I have a good feeling about this one. If it's appalling, I'll try those daytons and some fabrication


----------



## SkizeR (Apr 19, 2011)

Vx220 said:


> I have a good feeling about this one. If it's appalling, I'll try those daytons and some fabrication


they look identical to the generic ones i picked up at the local shop years ago to use temporarily. if they are the same, your probably going to be getting something else lol


----------



## dallasneon (Nov 3, 2005)

Interesting that the back of that tweeter looks to have a Hertz sticker on it.


----------



## SkizeR (Apr 19, 2011)

dallasneon said:


> Interesting that the back of that tweeter looks to have a Hertz sticker on it.


good catch. these are probably counterfeit ones which is why theyre not putting a brand and are selling so cheap


----------



## SQLnovice (Jul 22, 2014)

I'll be using the:
Dayton Audio ND16FA-6 5/8" Soft Dome Neodymium Tweeter along with the Aura Whisper 2". And for mid-bass, I'll go with the TM65.
I'm actually excited to see how the tweeter and mids will sound, for being so inexpensive.


----------



## firebirdude (Dec 24, 2009)

Vx220 said:


> After being suitably impressed by the idea of $5 (each) woofer, and finding myself in a situation of enormous bad luck (car stolen, with tweeters and sub in, but mid-bass and amp/dsp in the house, bitten by a dog, bird poo'd on me, all in about three days) I have a new (to me..) car and needed to get some tweeters and a sub.
> 
> New car is an RX8, apparently an ok OEM head unit to take signal from, and too much hassle to replace, so I have been researching tweeters. I didn't want to spend fortunes, they had to meet my 6.5" Pioneer woofers, and have angled mounting cups to enable easy a-pillar install.
> 
> ...


Does the RX8 have the Bose system? If so, the head unit outputs low level signal to an amp under the rear deck which then pushes two 9" 0.5 ohm woofers in the front doors. So heads up on that. If you don't have Bose, then the head unit outputs regular high level signal, but the speakers aren't 6.5", just FYI.

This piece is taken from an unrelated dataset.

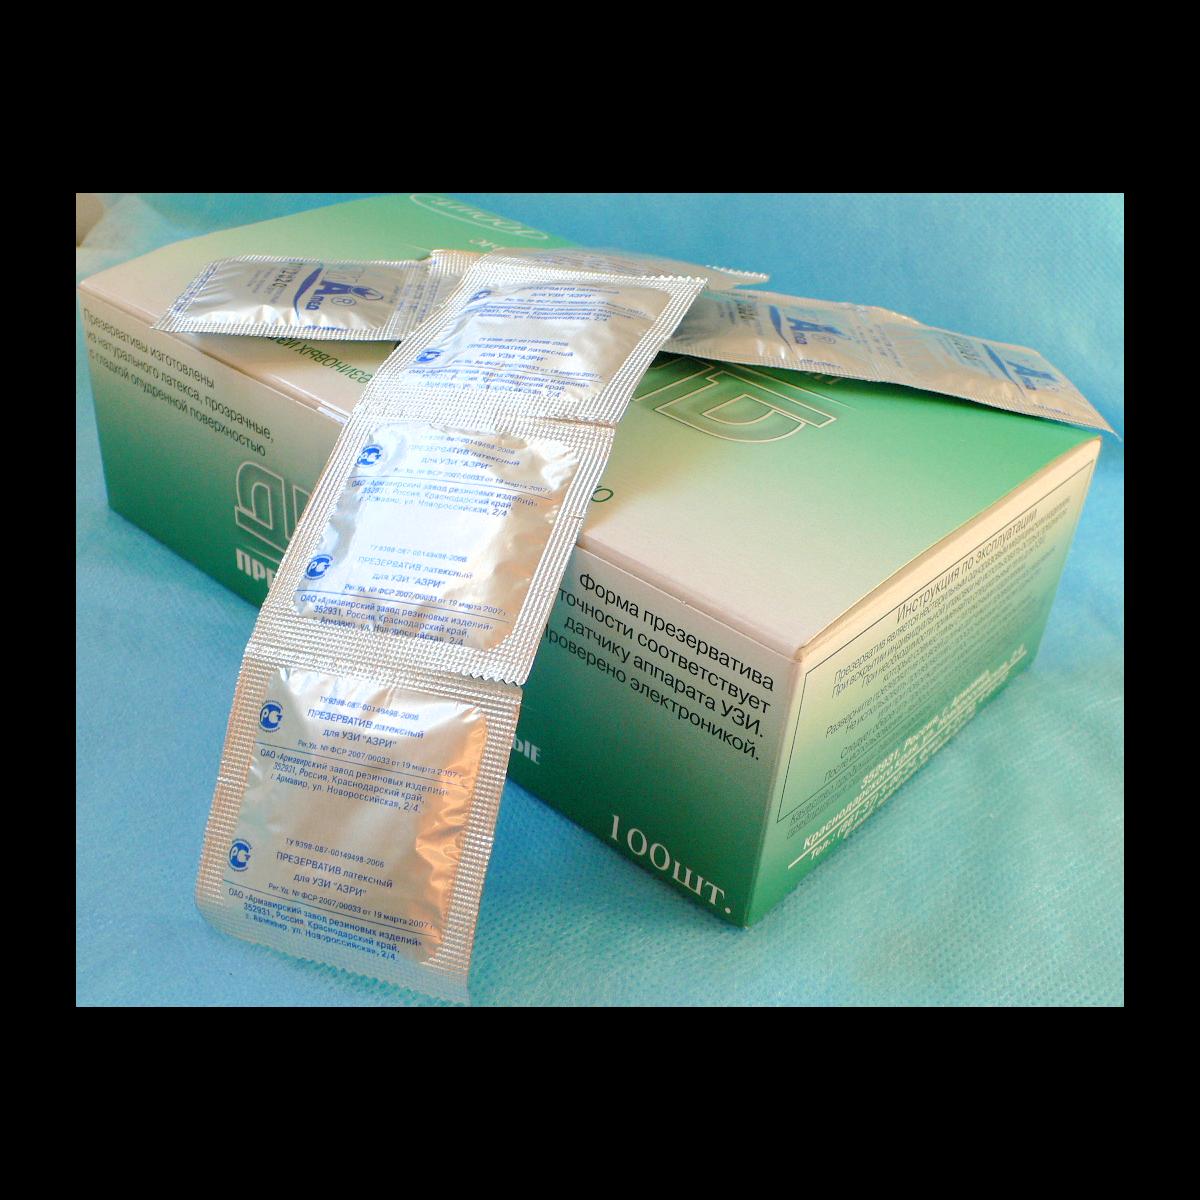 Презервативы для УЗИ АЗРИ, Россия (6,60 руб/шт)

If you're unsure about Bose, the factory tweeters by the side mirror are usually marked with a Bose badge. Or of course, you could pop the trunk and look underneath that factory deck/package tray for the small silver amp. It's on the passenger half.


----------



## firebirdude (Dec 24, 2009)

Oh and there's lots of prefab RX8 boxes and amp racks on eBay. I don't own the RX8 anymore, but I did use the ZENenclosures box (it's on eBay). It was well built out of 3/4" MDF and fit perfectly. Made my own amp rack in the same spot.


----------



## Vx220 (Nov 30, 2015)

SkizeR said:


> good catch. these are probably counterfeit ones which is why theyre not putting a brand and are selling so cheap


I thought that, but it's just the wires forming a similar shape to some of the hertz tweeters designs...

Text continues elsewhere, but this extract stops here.